1. Accepting responsibility makes learning possible.
2. Don't equate making mistakes with being a mistake.
3. You can't change mistakes, but you can choose how to respond to them.
4. Growth starts when you can see room for improvement.
5. Work to understand why it happened and what the factors were.
6. What information could have avoided the mistake?
7. What small mistakes, in sequence, contributed to the bigger mistake?
8. Are there alternatives you should have considered but did not?
9. What kinds of changes are required to avoid making this mistake again?What kinds of change are difficult for you?
10. How do you think your behavior should/would change in you were in a similar situation again?
11. Work to understand the mistake until you can make fun of it (or not want to kill others that make fun).
12. Don't over-compensate: the next situation won't be the same as the last.
When we’re comfortable with making mistakes, we’re more likely to take risks and tackle projects.

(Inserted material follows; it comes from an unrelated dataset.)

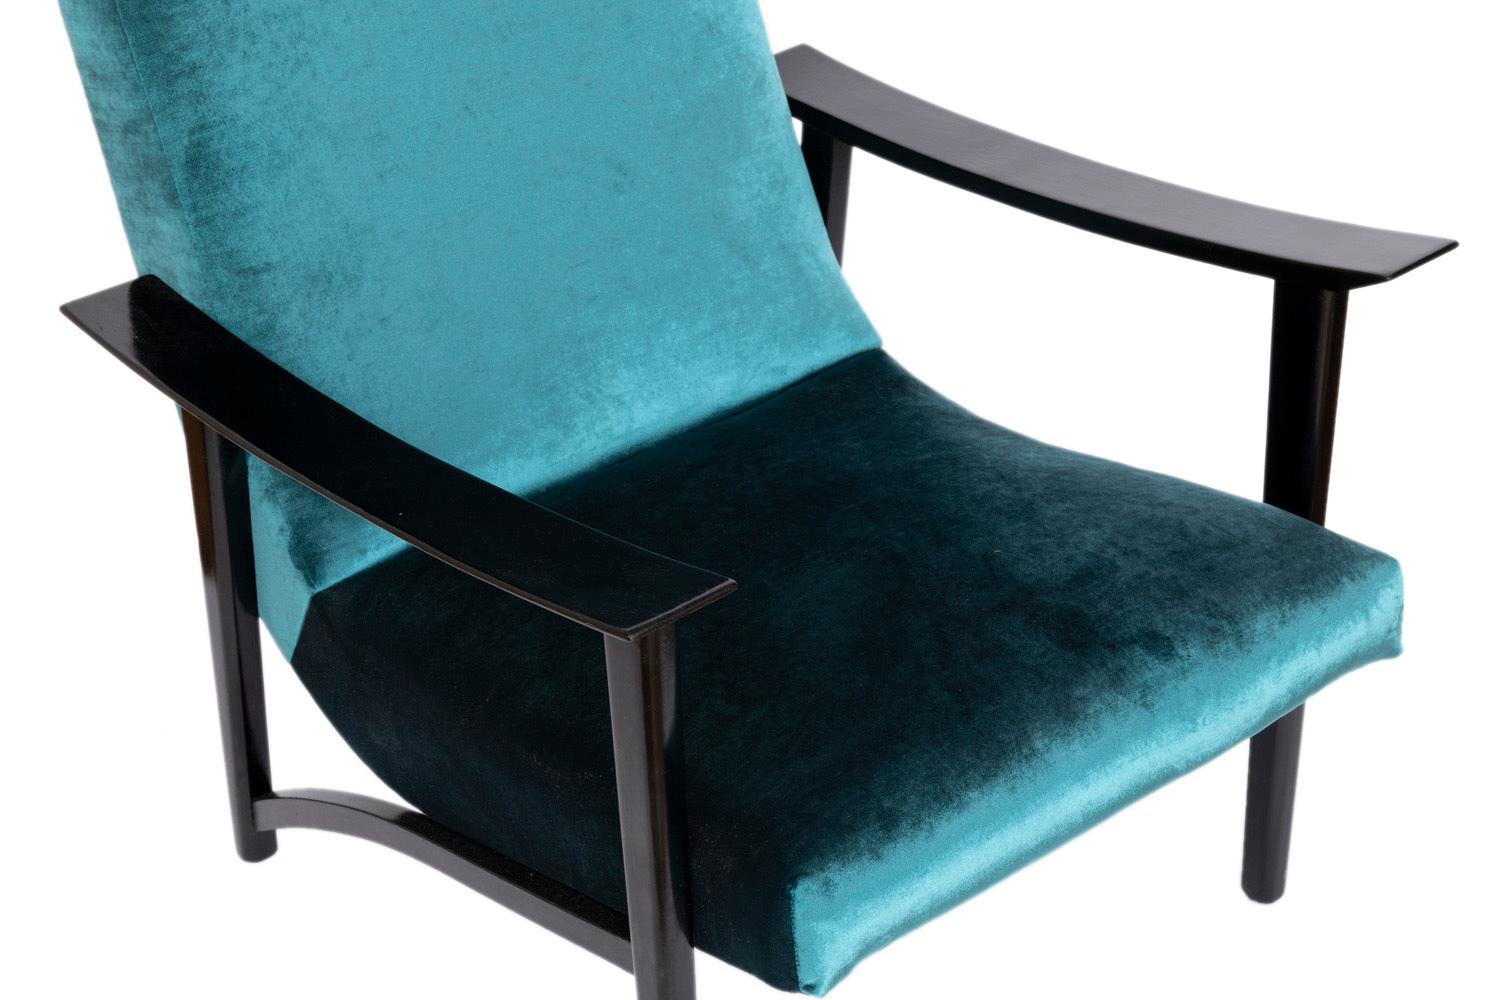 Pair of armchairs in black lacquered wood and blue velvet. Slightly curved armrests supported by cone-shaped legs. Curved stretcher bars link legs on armchairs each side.

Scandinavian work in the style of Arne Hovmand Olsen, realized in

Always remember, my dear friends that celebrating mistakes is not the same as setting out to make them. Celebrating mistakes involves wisdom; setting out to make them involves willful incompetence. Effective people don’t set goals with the idea of making mistakes. Instead, they aim to reach those goals while accepting the risk of error. Of course there is one sure way to avoid making mistakes, and that’s to avoid life……….And that is what you should actually not avoid for our mistakes can be the most powerful teachers we have.”